• Work instruction
Using the listing below, give again exactly the lines from the line with "St Patricks Day" to the line with "Holmbergs Guld, Ur & Gravyr AB", inclusive, without the pictures.

• Task material
------------
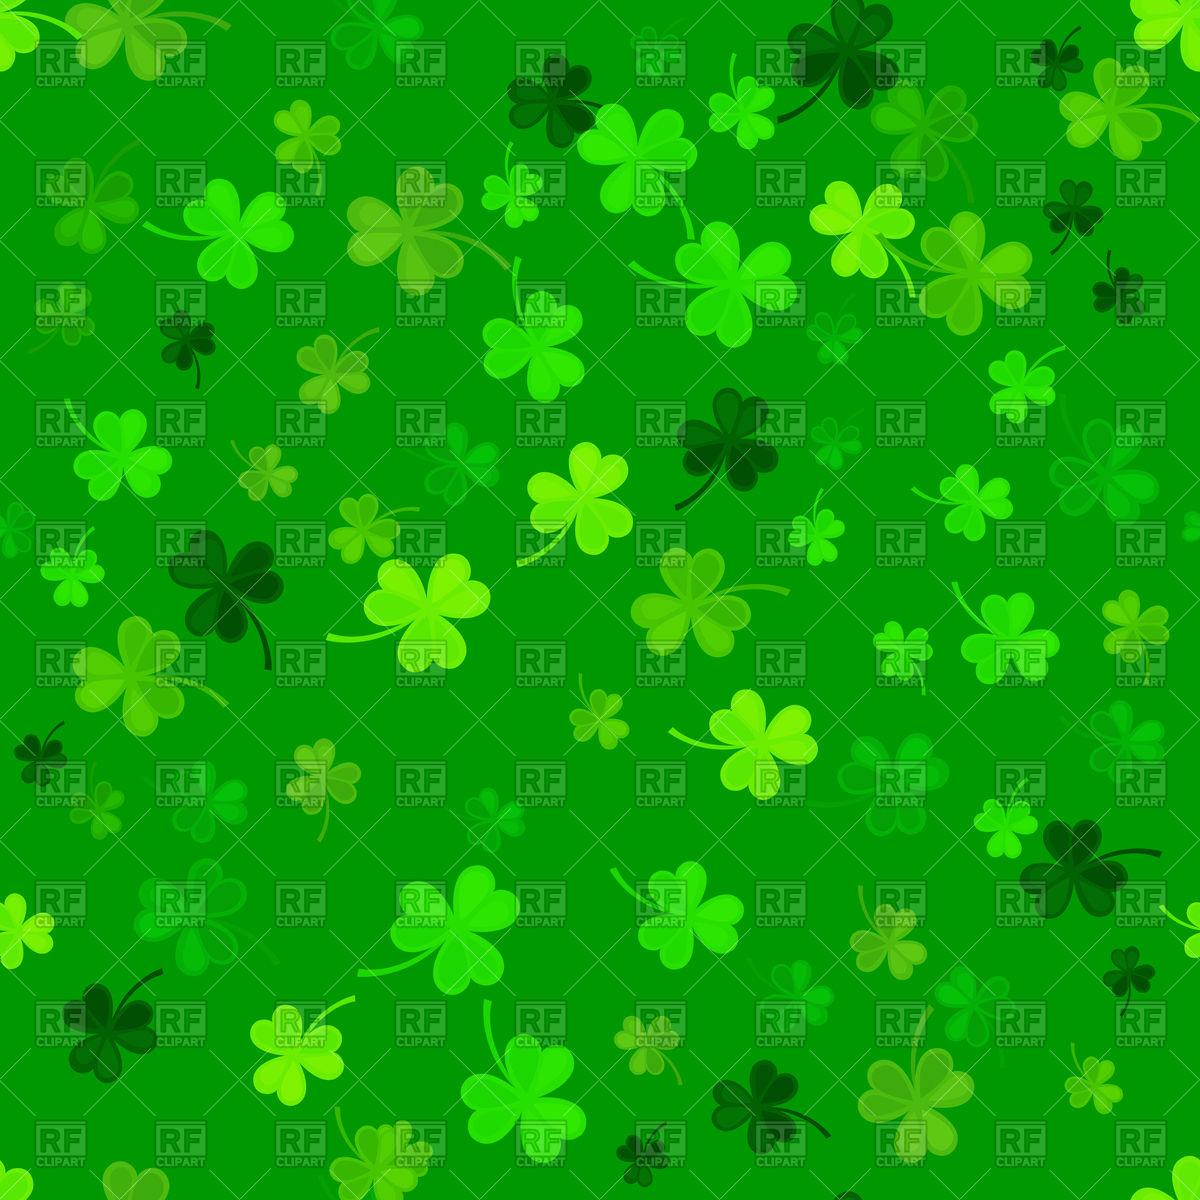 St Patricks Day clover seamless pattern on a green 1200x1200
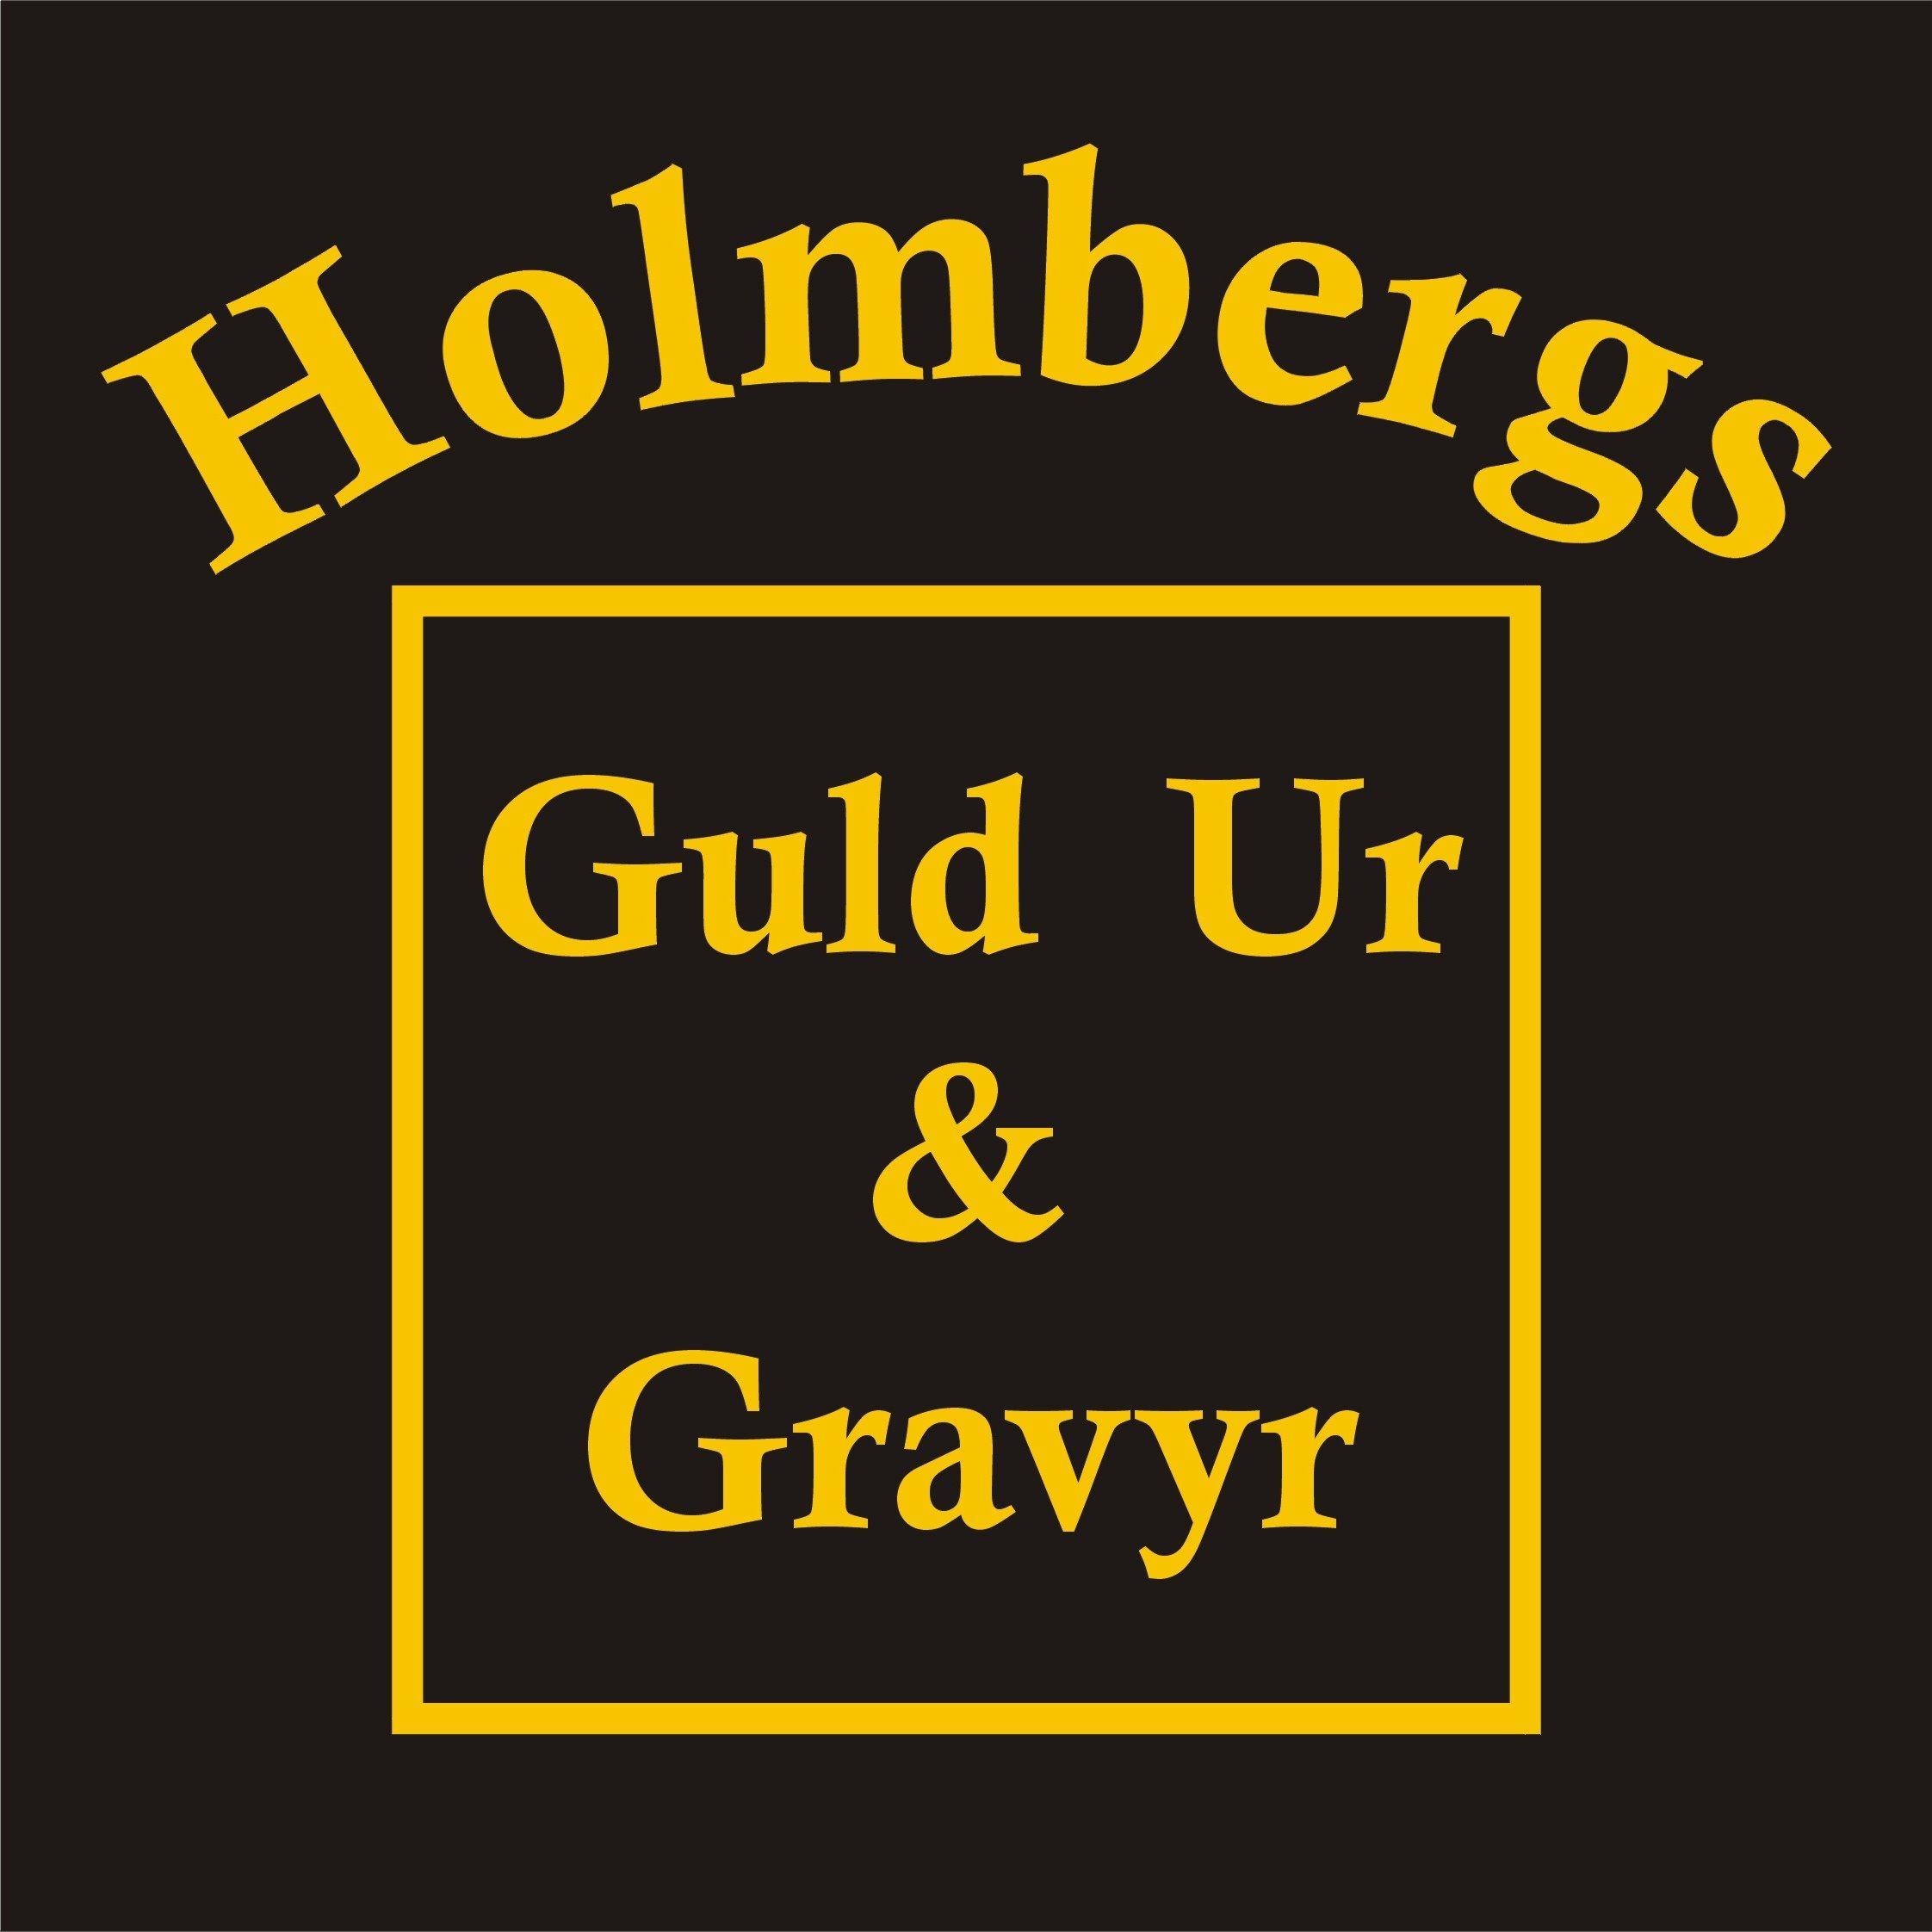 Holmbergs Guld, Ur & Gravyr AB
------------
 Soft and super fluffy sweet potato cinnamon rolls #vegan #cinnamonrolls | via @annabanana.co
------------
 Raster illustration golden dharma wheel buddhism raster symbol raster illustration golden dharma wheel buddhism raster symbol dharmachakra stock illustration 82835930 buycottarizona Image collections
------------
• Response area
 St Patricks Day clover seamless pattern on a green 1200x1200
 Holmbergs Guld, Ur & Gravyr AB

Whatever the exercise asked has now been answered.